Hoje dia 20/12/2012 véspera do fim do
Mundo vamos comemorar o 200º Aniversário dos Irmãos Grimm. Por isso, resolvi
descrever um pouco da vida e obra destes dois famosos escritores clássicos
eternizados em Contos de Fadas. Se não fosse por eles e suas histórias que ouvi
e aprendi desde criança, talvez não teria esta imaginação fértil que
possuo.
Os irmãos
Grimm, que nos legaram os contos hoje conhecidos como “Os Contos dos Irmãos
Grimm”, eram sisudos eruditos que dedicaram boa parte de suas vidas à pesquisa.

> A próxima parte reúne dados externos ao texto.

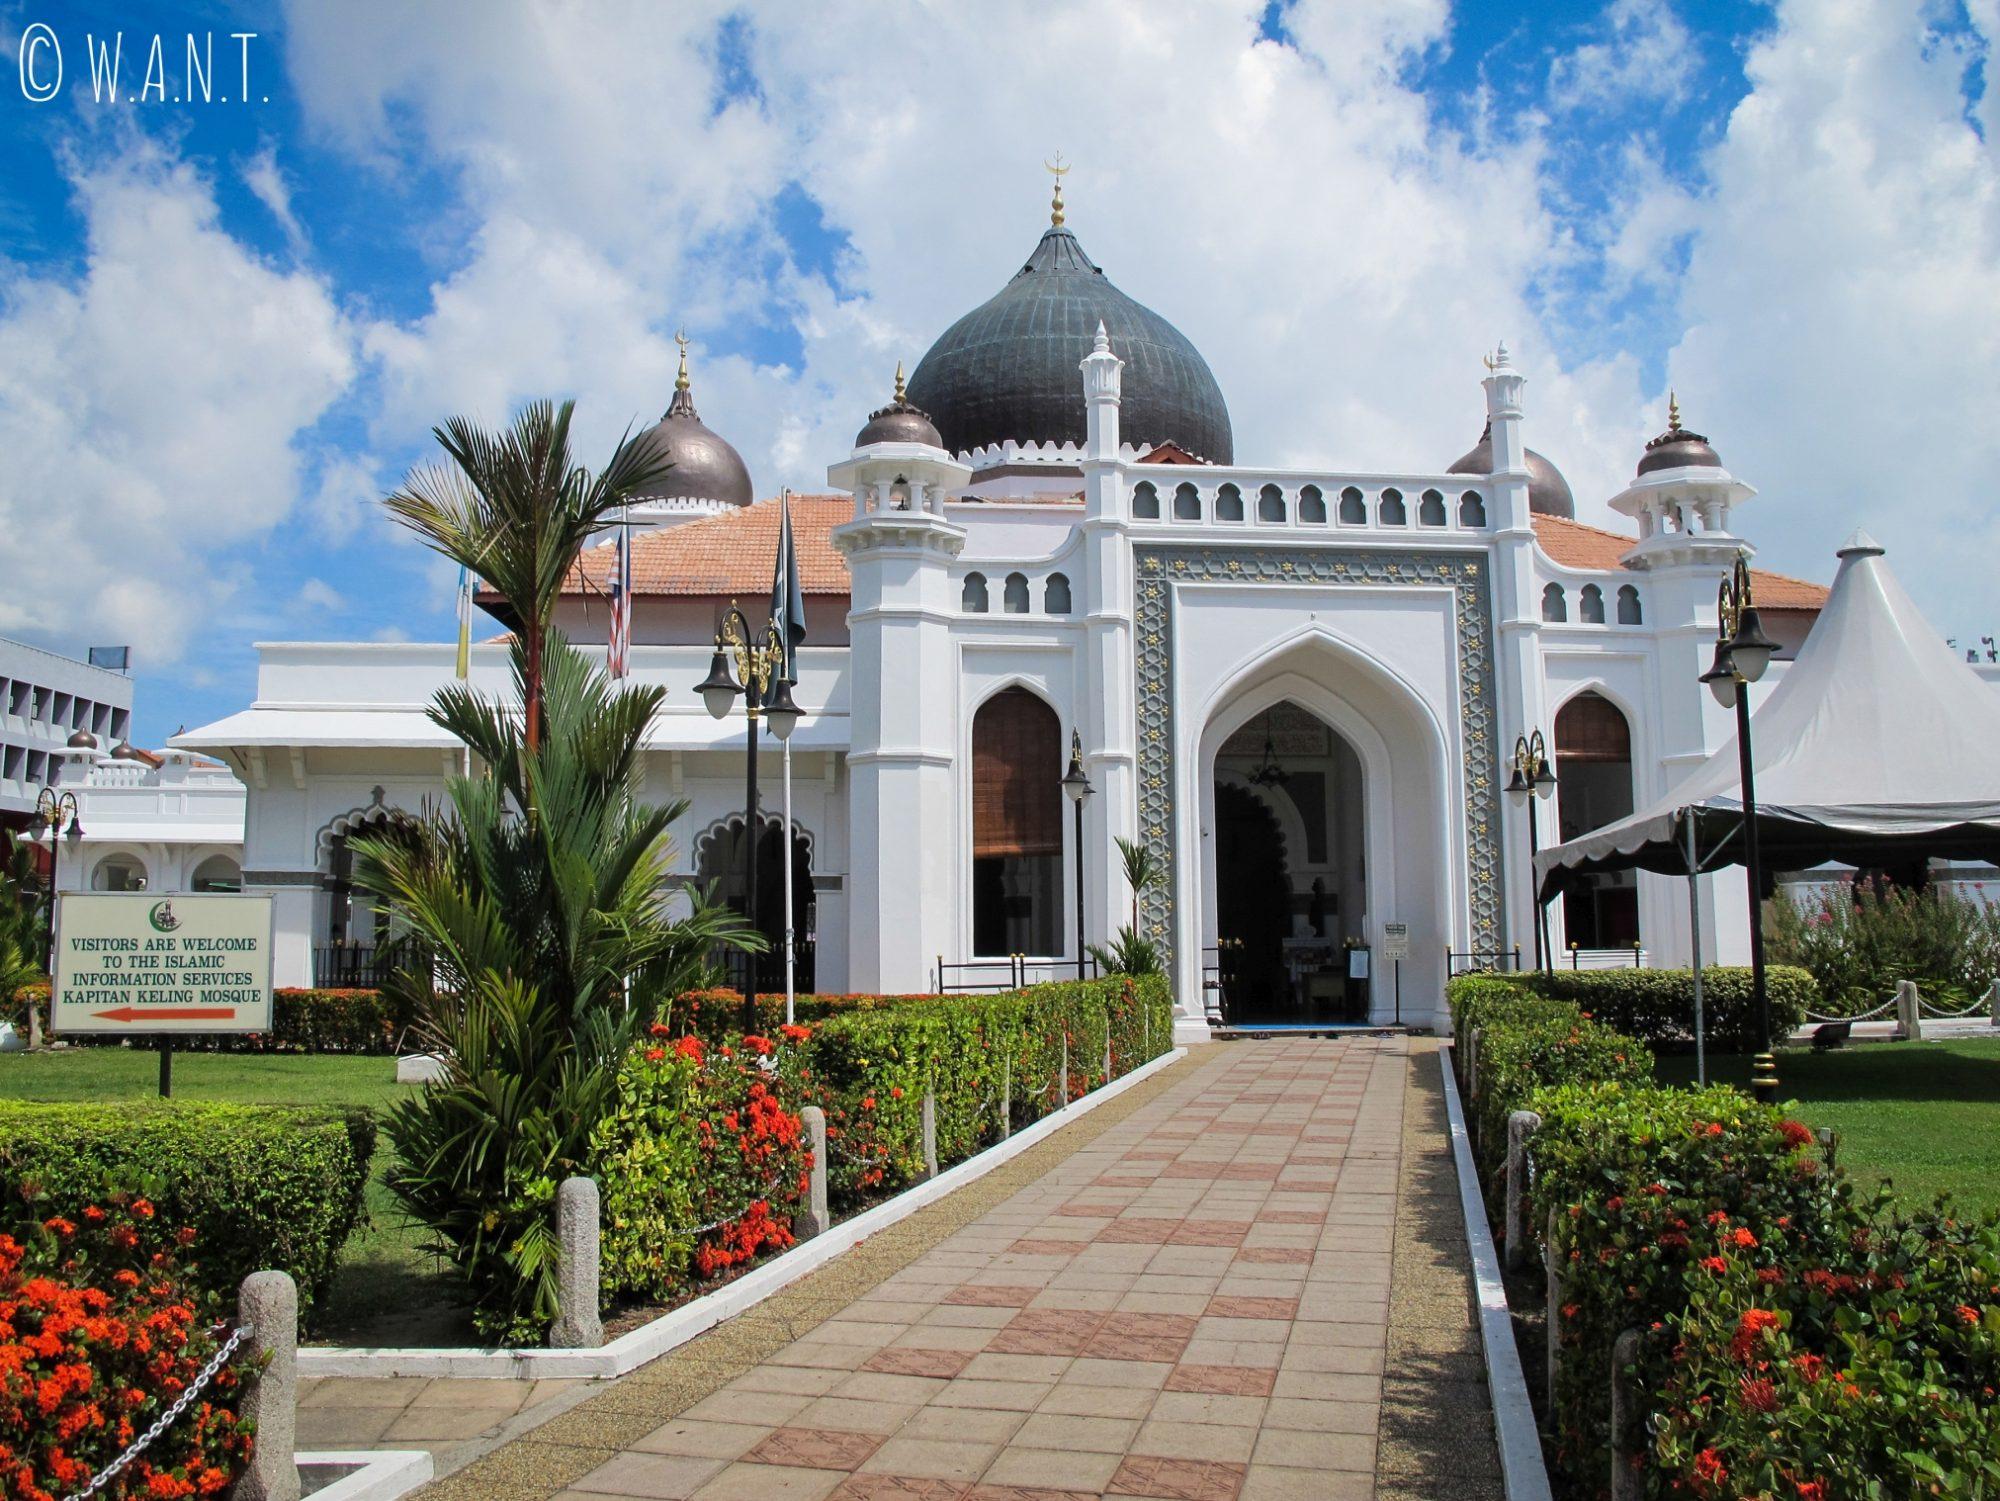 Vue sur la mosquée Kapitan Keling de Georgetown à Penang

Jacob nasceu em 1785 e Wilhelm, um ano
depois. O pai deles, um advogado, faleceu quando eram ainda crianças, mas a mãe
decidiu que os dois seguiriam os passos do pai – o que fizeram com o auxílio
financeiro de uma tia. Nasceram em Hanau, Hesse, e freqüentaram a universidade
em Kassel, onde ambos formaram-se com sucesso em Direito. Não possuíam recursos
para se estabelecerem como advogados e precisavam sustentar a mãe, então aceitaram
o que lhes foi oferecido. Jacob tornou-se assistente de um faoso especialista
em lei romana, o Professor Savigny, quem lhe ensinou a pesquisa e plantou em
sua mente tal amor por esta. Jacob tornou-se um dos grandes homens de seu tempo
– não em matérias de lei, mas em filologia, o estudo da linguagem. Ambos
irmãos eram fascinados por este estudo e seus interesses eram tão abrangentes e
profundos que o Professor William P. Ker descreveu a filologia como sendo, para
eles, o estudo não apenas das palavras, mas da História, da Alemanha, da Idade
Média, das Letras Clássicas e da Raça Humana.

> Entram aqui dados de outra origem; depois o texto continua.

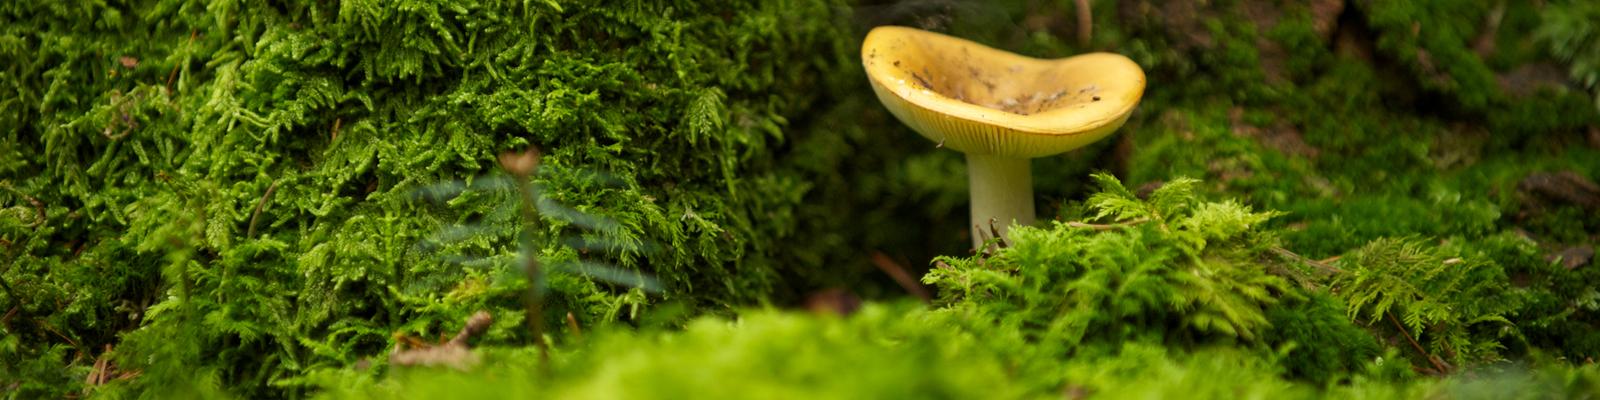 Baum und Pilz kommunizieren über den Boden.

Logo Jacob e Wilhelm conseguiram
ocupações que lhes permitiram dedicarem-se a seus interesses pessoais, dando
início a um tratado sobre a língua germânica. Desenvolveram uma teoria que
ficou universalmente conhecida como a Lei dos Grimm. Em todos os seus estudos
foram pioneiros, começando do zero, sem nada, em absoluto, em que apoiarem-se:
nem estudos anteriores de outros, nem dicionários ou guias de raízes e
derivações das palavras. Sob certo aspecto, Jacob foi melhor estudioso,
Wilhelm, melhor escritor, mas trabalhavam juntos em tal colaboração que é quase
impossível distinguir suas contribuições. Por dez anos dedicaram-se à Gramática
Germânica; depois enfronharam-se na mitologia de sua gente com o mesmo
afinco, determinados em estabelecer algo comparável aos mitos nórdicos e
eslavos, já bastante divulgados. Foi esta tarefa que concedeu ao mundo os
contos de fadas, coletados como parte da evidência necessária desse trabalho
mais amplo.
Estes contos passavam oralmente das
mães aos filhos, ninguém sabia há quantas gerações, sem jamais haverem tido as
formas de suas histórias fixadas pela escrita. Assim, uma família de, digamos,
lenhadores ou carvoeiros que vivesse há séculos nas densas florestas poderia
relatá-las de modo bem diferente de uma outra família que houvesse sempre
vivido em regiões de céu aberto ou nas fazendas dos vales.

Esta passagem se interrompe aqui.